Выбрать главу

Если вы хотите узнать более подробно о том, как это произошло, нам с вами придется перенестись в 1927 год, в редакцию газеты «Гудок», где в то время работали два молодых журналиста Илья Ильф и Евгений Петров, еще даже не подозревавшие, что на свете скоро появится новый знаменитый писатель по имени «Ильф и Петров».

Однажды в редакцию «Гудка» заглянул старший брат Евгения Петрова, в то время уже известный писатель Валентин Катаев.

Он вошел со словами:

— Я хочу стать советским Дюма-отцом.

Заявление это вовсе не означало, что Катаев собирался написать роман в духе «Трех мушкетеров» или «Графа Монте-Кристо». Он имел в виду распространенную легенду, будто бы Дюма-отец (или по-французски Дюма-пер) некоторые свои романы писал с помощью так называемых «негров» — наемных литераторов, которые трудолюбиво разрабатывали его великолепные замыслы.

— Почему же это, Валюн, вы вдруг захотели стать Дюмапером? — спросил Ильф.

— Потому, Илюша, что уже давно пора открыть мастерскую советского романа, — ответил Катаев. — Я буду Дюма-отцом, а вы будете моими «неграми». Я вам буду давать темы, вы будете писать романы, а я их потом буду править. Пройдусь раза два по вашим рукописям рукой мастера — и готово! как Дюмапер. Ну? Кто желает?
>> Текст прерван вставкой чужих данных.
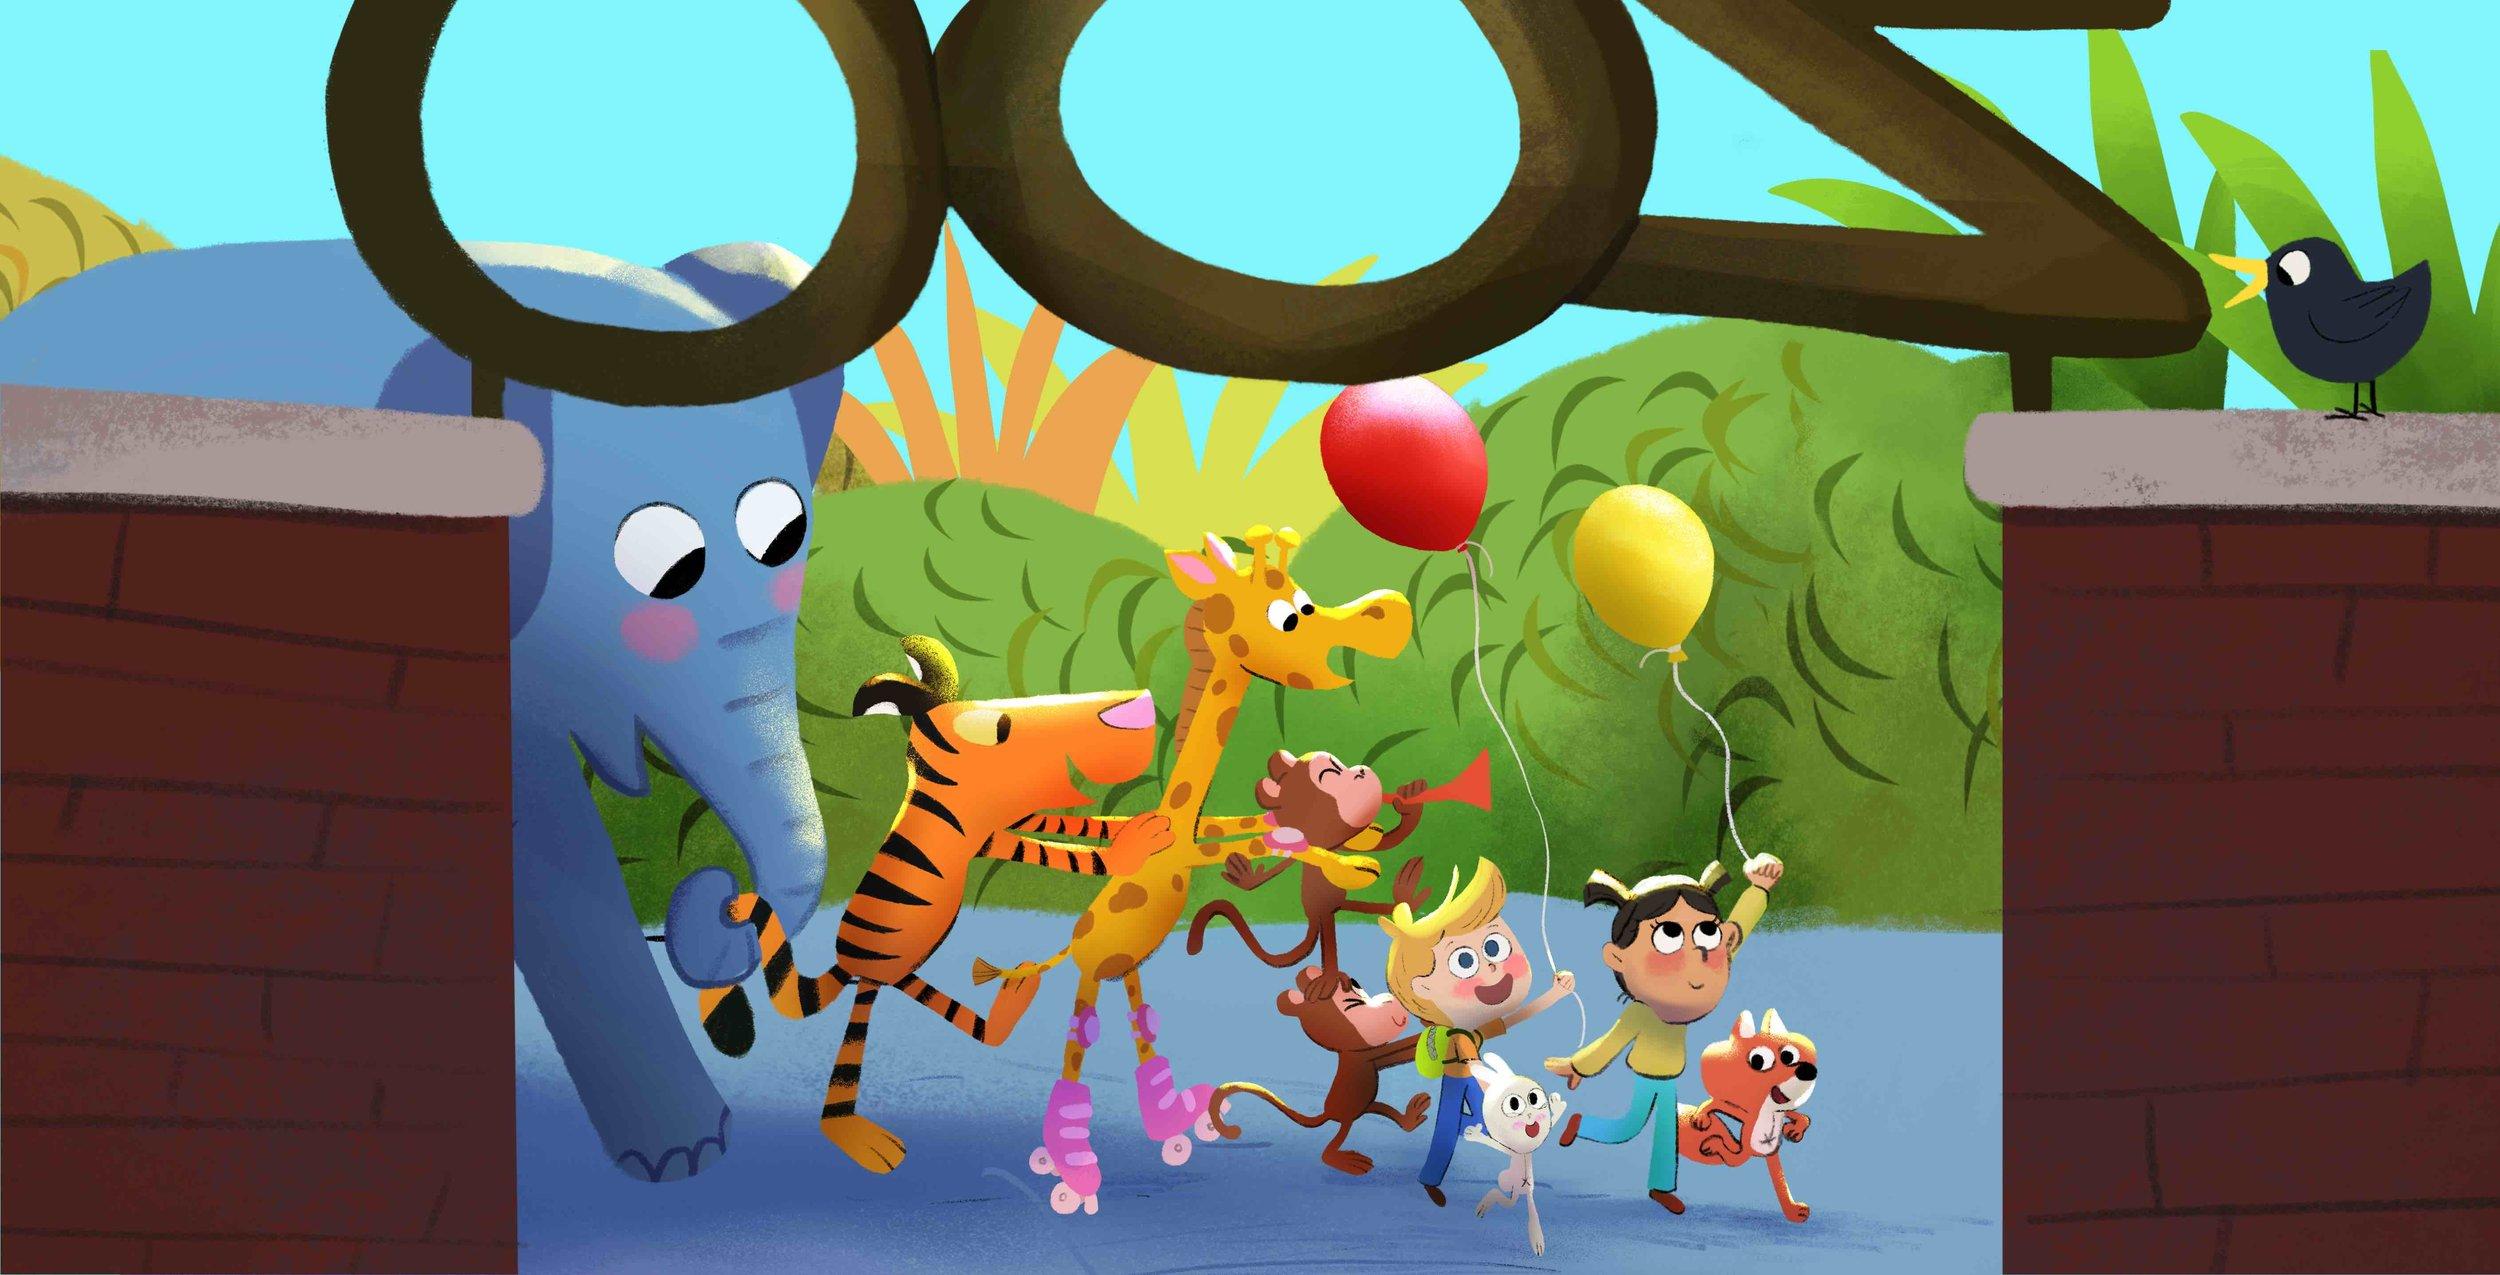 Zoo_Promo_3.jpg

Только помните, я собираюсь держать вас в черном теле.

И он сразу перешел от шуток к делу.

— Есть отличная тема, — сказал Катаев. — Стулья. Представьте себе, в одном из стульев запрятаны деньги. Их надо найти. Чем не авантюрный роман? А?.. Соглашайтесь!

Катаев бросил эту блестящую идею и ушел по своим делам, может быть даже позабыв об этом полушутливом раз говоре.

Но Ильф и Петров о нем не забыли.

— Ну что, будем писать? — спросил Петров.

— Что ж, можно попробовать, — ответил Ильф. — Мне понравилось про эти стулья.

И они засели за работу.

Мы тут ничего не выдумали. Так оно все и было: об этом рассказал много лет спустя сам Евгений Петров.

Сперва Ильф и Петров честно пытались следовать той сюжетной схеме, которую предложил им Катаев и которая, как вы уже знаете, была заимствована у Конан Дойла из его «Шести Наполеонов».

Но тут произошло нечто неожиданное.

В роман вдруг нахальной толпой хлынули разные незапланированные персонажи: вдова Грицацуева, людоедка Эллочка, инженер Щукин, голубой воришка Альхен, Авессалом Изнуренков, нэпман Кислярский, незадачливый стихотворец Никифор Ляпис и еще многие-многие персонажи, выхваченные авторами из окружающей их жизни.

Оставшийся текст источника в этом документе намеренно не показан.